As Tony Campolo once styled it, sometimes it is a matter of “Following Jesus Without Embarrassing God.” For the current brew-ha-ha, so to speak, over the “Christmas Cups” at Starbucks is a good example of when Christians overreact to perceived cultural slights.
In case you’ve missed it, the controversy stems from the fact that the ubiquitous (not a word you can use everywhere, by the way) coffee chain has unveiled its holiday cups that are simply red with their corporate logo on the side. No snowflakes, Frosties, Rudolphs, or other spiritually significant symbols of the season, mind you, just plain red.
And, in turn, some Christians have seen red as well, with a few even suggesting that in failing to acknowledge the meaning of this season that what Starbucks is actually saying is that it hates Jesus. One evangelical pastor and self-described “social media personality”–which almost sounds like an oxymoron in and of itself–has posted a video which has already received over 13 million views, in fact, suggesting that others follow his lead in telling the baristas while ordering that your name is “Merry Christmas,” thus forcing Starbucks to write it on the cup in spite of their pagan policies.

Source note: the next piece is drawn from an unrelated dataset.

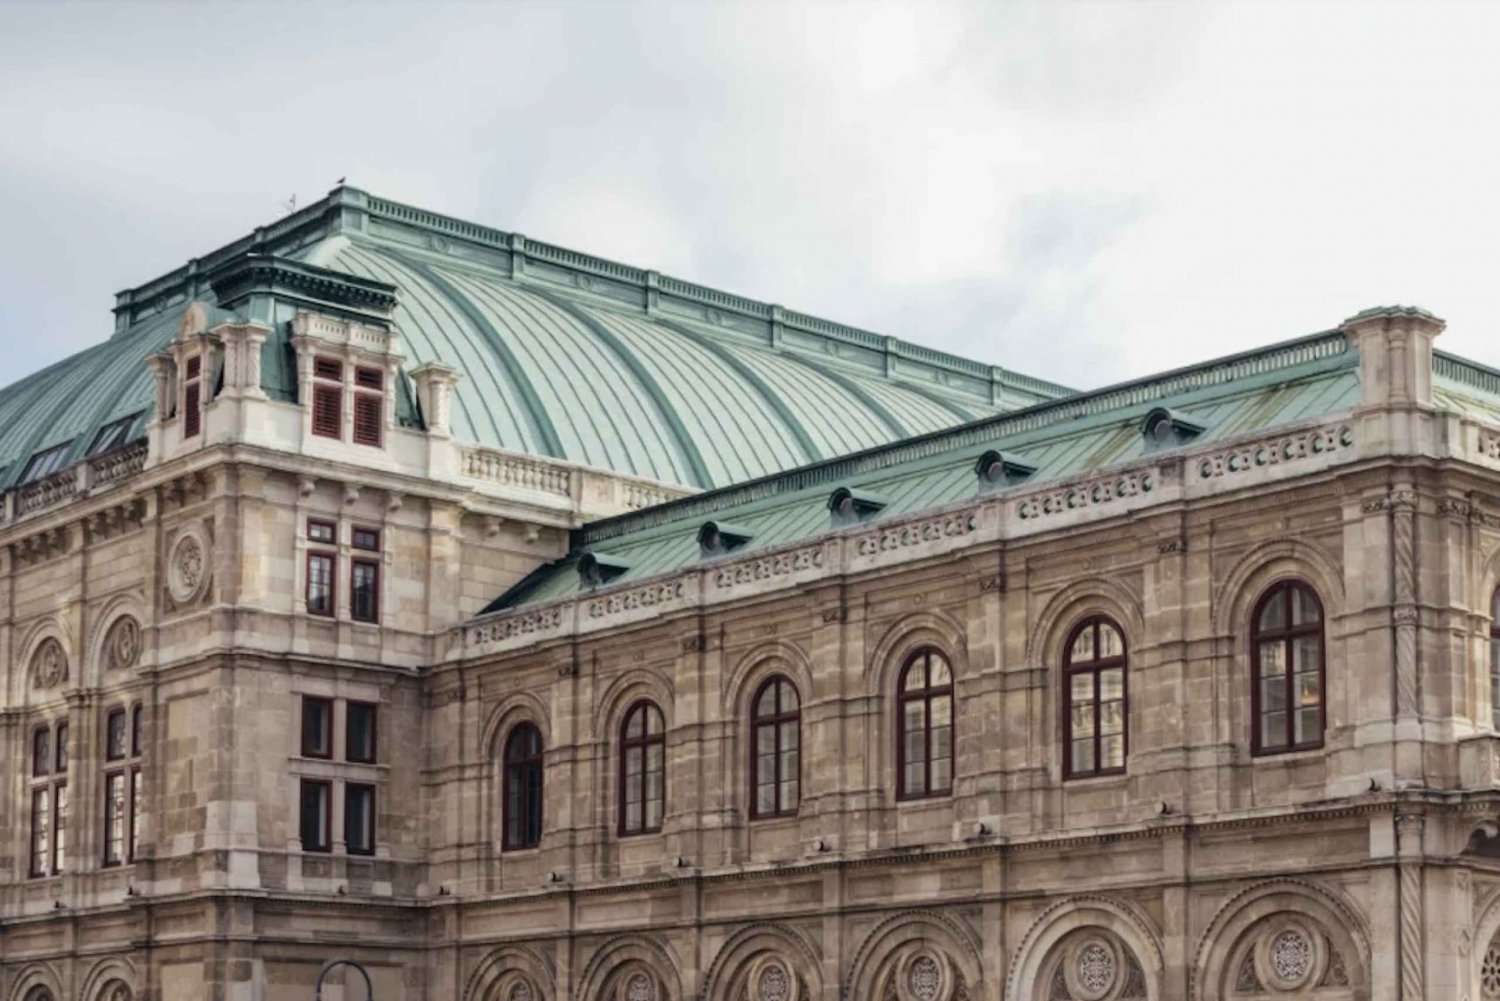 En selvguidet tur til Wien, den klassiske musiks hjemsted

What’s more, one of the presidential candidates has now chimed in, promising that when he is in the Oval Office that people will freely say “Merry Christmas” once again across the fruited plain, no matter what the political correctness crowd may argue.
All of that rather misses the point, however. Indeed, if those of us who actually believe in Jesus are depending upon a coffee shop or even a candidate to help promote our faith to others then we’ve got it wrong ourselves. For when it has been at its best, Christianity has often been a counter-cultural force of God’s love, calling men and women to a Kingdom with a different set of values altogether.

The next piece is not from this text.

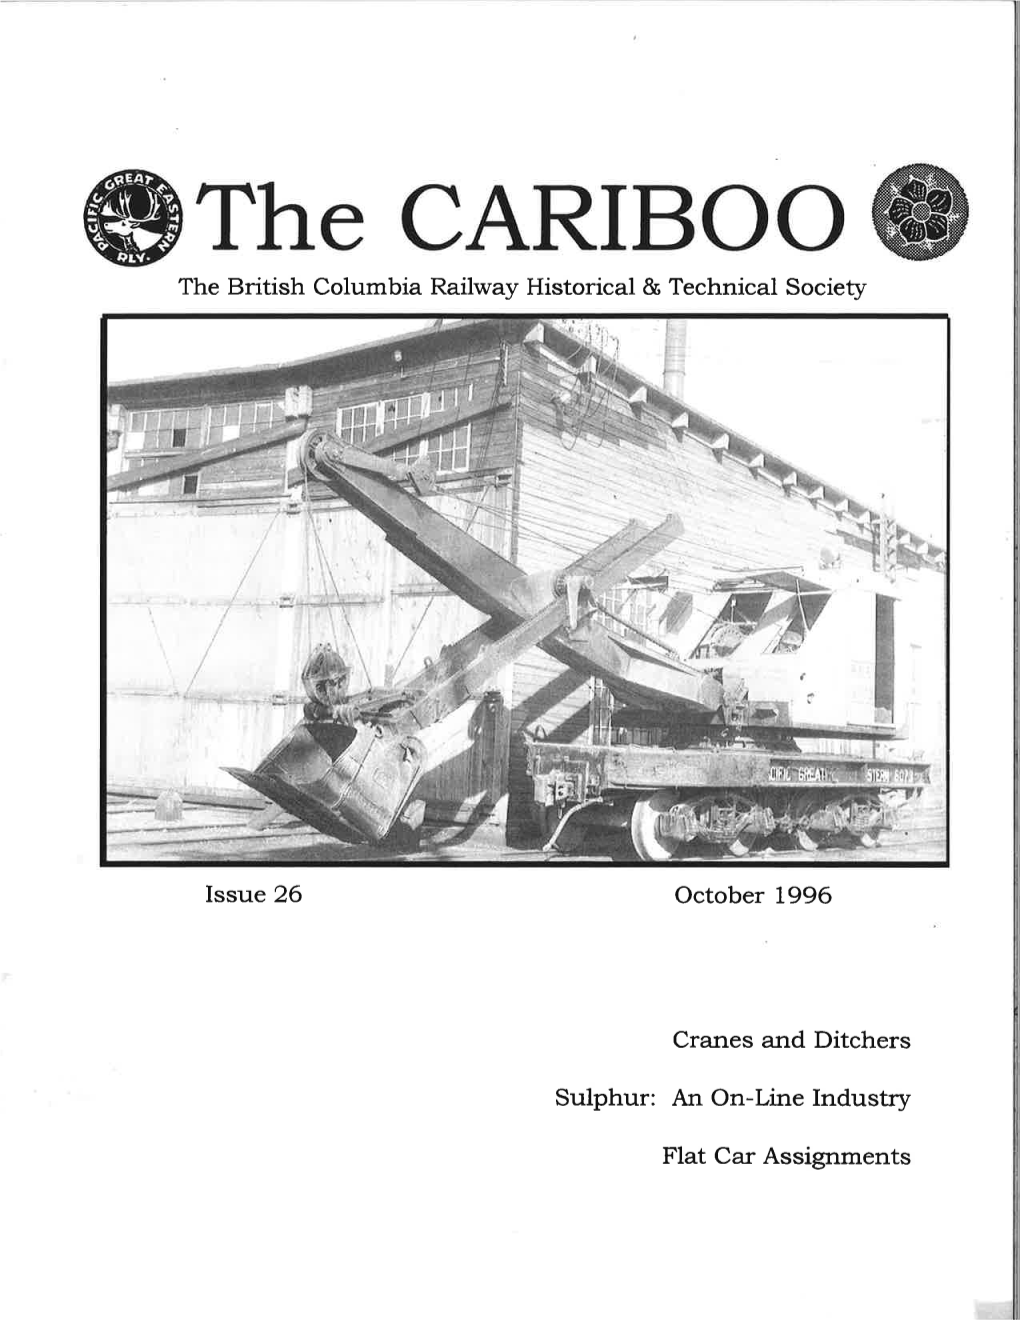 The CARIBOO the British Columbia Railway Historical & Technical Society

Don’t get me wrong. I don’t like it when either the government or the culture uses its power to put down people of faith, or to ridicule the tenets or ideas in which we believe. But in the end, it’s not up to others to interpret God’s love–it’s up to us. And we can do so best not by arguing against our adversaries–real or imagined–but by living in such a way that those around us cannot help but notice the difference and wonder why.

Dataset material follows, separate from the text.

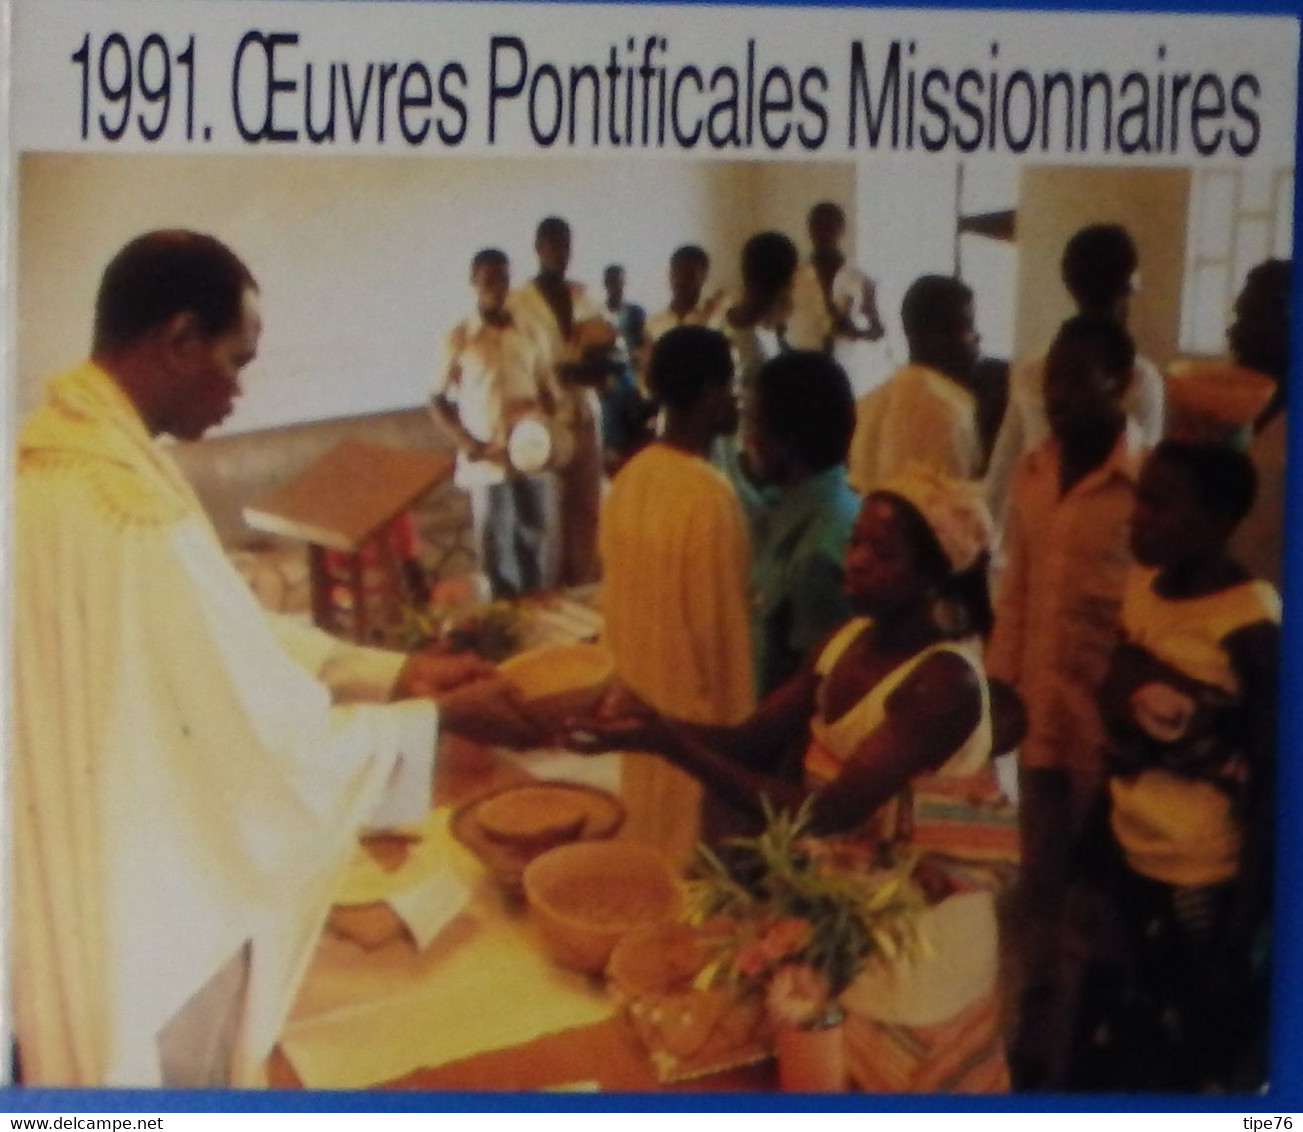 Petit Calendrier De Poche 1991 Oeuvres Pontificales  Missionnaires - Grand Format : 1991-00

In the end, it should be pointed out that Starbucks indeed will continue to sell both a “Christmas Coffee” and even Advent Calendars within their stores, as well as a rather delicious Peppermint Mocha drink that is essentially a candy cane in a cup. If you want to really understand the meaning of this season, however, I would suggest that you concentrate less on Starbucks and more on the Star of Bethlehem.
Unless, of course, you’re a Christian just daring someone else to offend you.